青森シャモロックとの出会い
私の家は永らく土建業を営んでいて、私もそこで社員として働いていたのですが、長引く不況で事厳しい経営状態が続いていました。異業種参入を果たす同業者も増えていくなか、私たちも新しい活路を模索していたところに、平成15年に青森県が『攻めの農林水産業』のスローガンのもと、農産物拡販のための大々的な振興策を打ち出したことが、一つの大きな転機となりました。
自分の住む町に、こんなおいしい地鶏があったのか!

その主力アイテムの一つに挙げられていたのが青森シャモロックでした。その誕生の地が、私と同じ五戸町にある旧青森県養鶏試験場であることがわかると、なんだか急に親しみがわいてきたんですね。
どんな鶏肉なのかと気になって、さっそく鶏汁にして食べてみたのですが、その味は本当に衝撃的でしたね。今まで食べてきたどんな鶏肉とも違う濃厚な味わいと、体中に染み渡るような飽きの来ないスープに一発で惚れこんでしまいました。

まずは養鶏場から立ち上げた
平成15年、青森シャモロックの生まれ故郷でもある五戸町の青森県養鶏試験場が上北郡野辺地町に移転したため、その跡地には使われなくなったたくさんの空き鶏舎がされていました。

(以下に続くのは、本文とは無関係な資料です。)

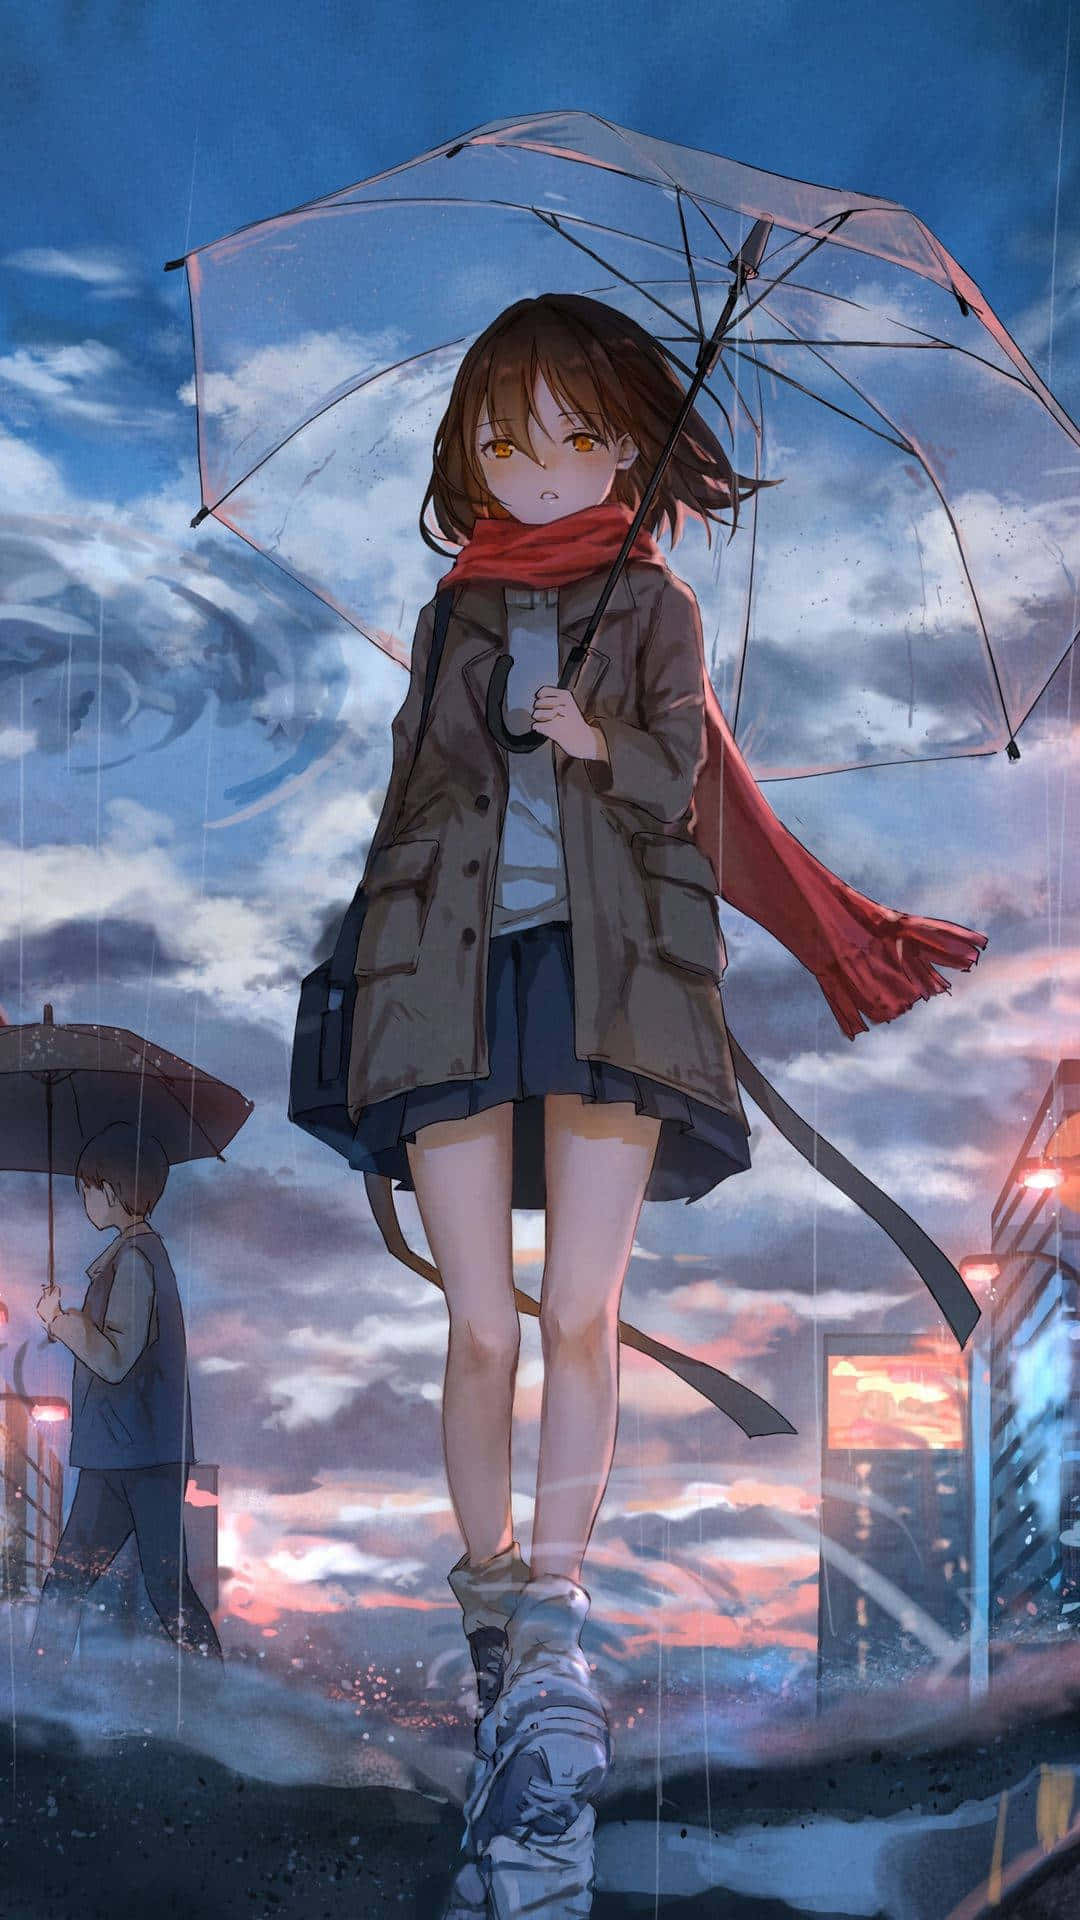 Anime Single Woman With Umbrella Wallpaper

農場も何も持たない私たちにとってこれ以上の場所はないと思い県に掛け合ってみたところ、快く使用を許可してもらうことが出来たのは本当に奇跡でした。
築年数が相当経っていたので、補修や改修をする必要はありましたが、ともかくこれで青森シャモロックの雛を受け入れる場所は確保することができたのです。
そして念願の「食鳥処理場」建設へ
出荷開始当初、食鳥処理は近隣の処理場へ依頼していましたが、この事業を成功させるためには自社の処理場を持つことが必要不可欠だと考えていました。
それには多額の資金も必要となるわけですが、当時国が推進していた『アグリチャレンジャー支援事業』への補助金交付申請を粘り強くおこない、平成17年暮れに、ついに青森シャモロック専用の食鳥処理場が完成しました。これによって、生産から処理、販売までの一貫体制が整いました。

オリジナルの商品開発にも着手しています
当社の処理場には、食鳥処理の設備だけではなく食品加工の機器も備わっています。一人でもたくさんのお客様に青森シャモロックの存在を知ってもらい、なおかつ口に運んでもらうためには、やはり商品のバリエーションは多いほうが良いとの考えからです。

現在、プリンやチーズケーキ、一連の燻製商品は、すべて自社で作っています。素材の特性を活かした付加価値のある商品を目指して、これからも積極的に取り組んでまいります。
「青森シャモロックは、郷土の誇りなんです」

直売所「鶏太郎」(本社そば)
こうして私が青森シャモロックと深く関わるようになったのも、きっと何かの縁だと思っています。最初の出会いのときに感じた親しみは、青森シャモロックのことを知れば知るほど、ますます深まってきていますね。
世間からも着実に注目を集める存在になってきている様子は、まるで自分の子供の成長を見ているような頼もしい気分になります。
この五戸町から全国へと羽ばたいていく彼らを見守ることができるということは、同じ土地で生まれ育った私にとっても、誇らしいことこの上ないのです。